Books were not enough. A master was needed.
And this is where my account really begins -- in the search for a spiritual teacher. With guru a word hardly known, and even "yoga" spoken of in muted tones, the search began on the part of this tiny band of like-minded truth-seekers huddled in an unlikely place, who eventually abandoned group meditation and went their separate ways -- but who, because of the grace of their initial experiences, were altogether convinced of the reality of the life of the spirit and committed to its practice.

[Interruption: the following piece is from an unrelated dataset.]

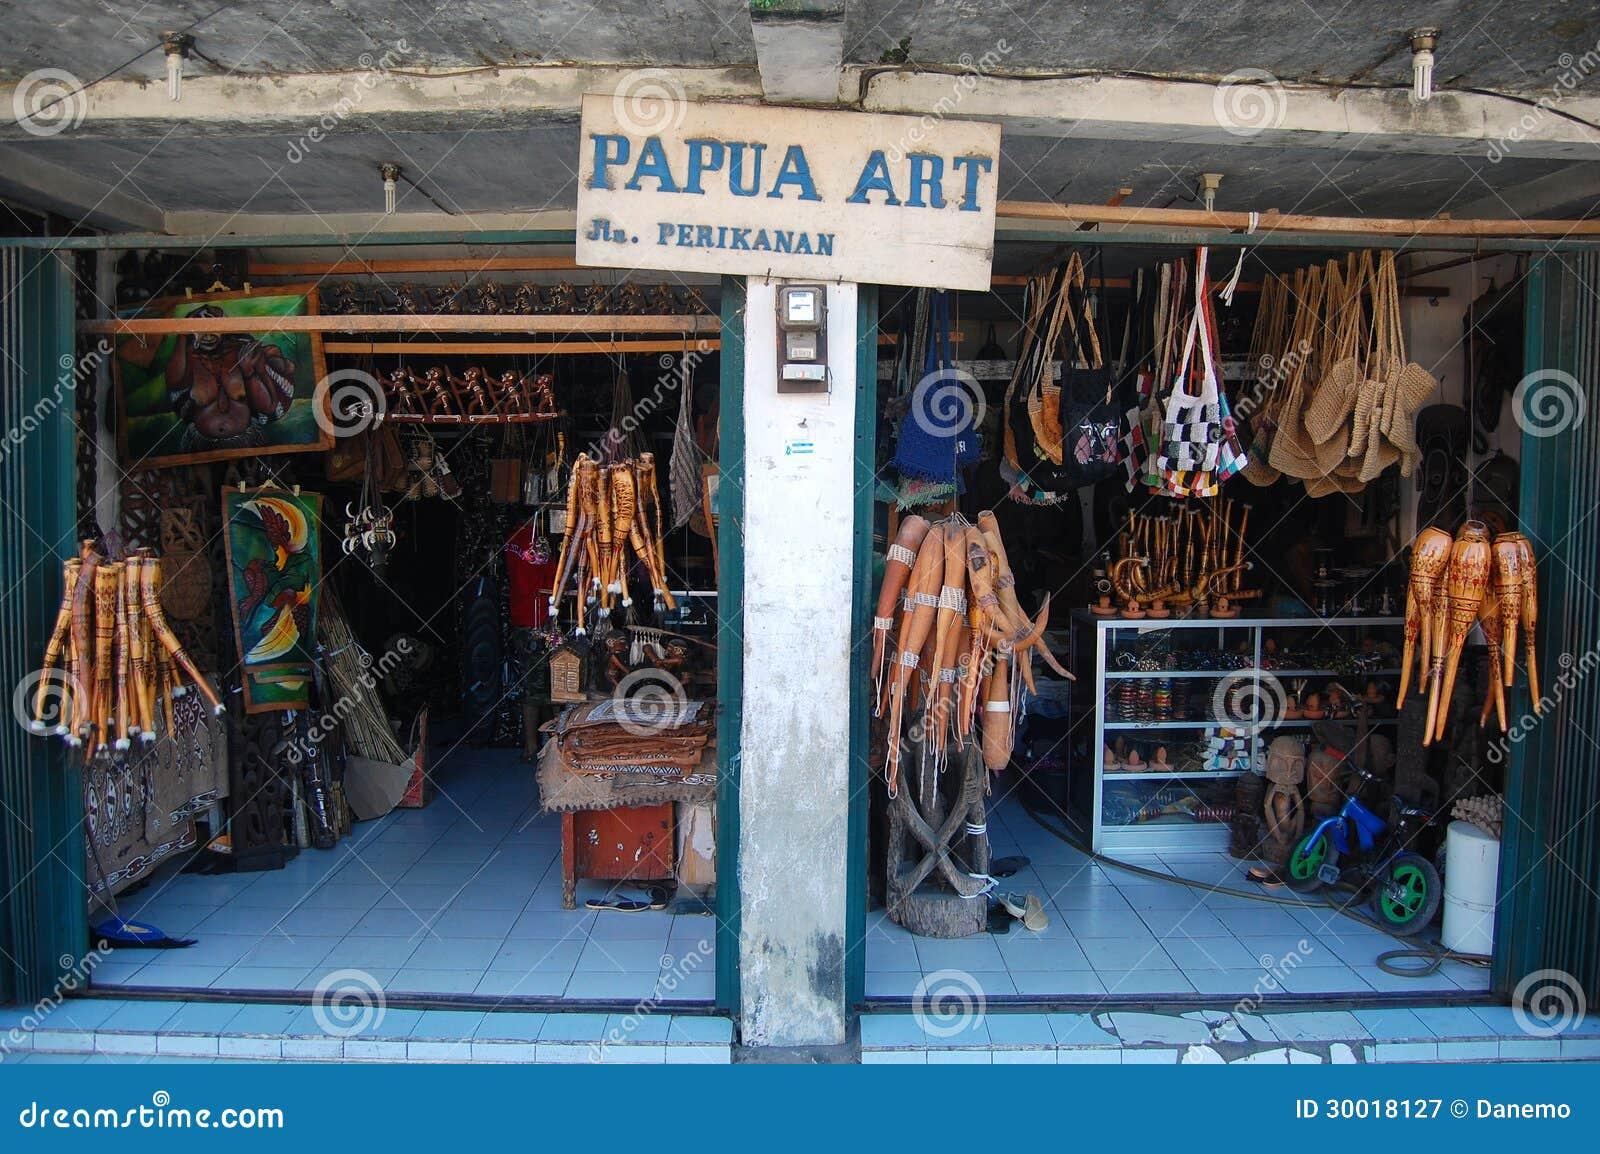 Papua art gift shop Jayapura

How I became the one who went out to look for a teacher, I am not sure; I believe the others urged me on their behalf. It took a long time. I had leave every month of one-and-a-half days and the journey to Philadelphia was time-consuming. One would have thought that among our Friends at the meetings there in the heartland, someone might be found to help us with our quest, but I did not at first discover one. No one there knew of any habitual meditator. From previous experience I was sure we would get little help on spiritual matters from the professionals in psychology of that era. I turned to the clergy and began knocking on ministerial doors. In turn I tried the pastors of Lutheran, Episcopal, Methodist, Congregational and other denominations. When I described what we were after, some said harsh things: "anachronistic," "medieval," this practice of meditation. Others knew nothing of it. Occasionally I would describe it as mental prayer -- a phrase which would have pleased Dorothea Dix. She, a Unitarian, had spent the first hour of her day in "prayer and meditation" and kept this up to the end of her life, saying it was what kept her up, through illness and despair.
Still I had no luck. One minister admitted he had heard of meditation but knew naught of how to go about it. In later years there were those who asked why I had not tried the Catholic church, where there might have been some expertise. They forget that the church was in those days much more dogmatic and demanding than now. With our backgrounds, none of us could have paid that price. As it was, the master we found fit only me: Two of the group never had interviews with the swami, and my roommate, although he did so, did not become his student.
At long last we turned up the name of a Joseph Wilson, a Friend who was said to be a daily meditator. I approached this man. He kindly agreed to see me and our meeting led me to Swami Yatiswarananda.
I did not know then that my quest had ended. I found the teacher of spirituality -- for me. What I found in him and in subsequent teachers as well (upaguru is the Sanskrit word) is the subject of this book.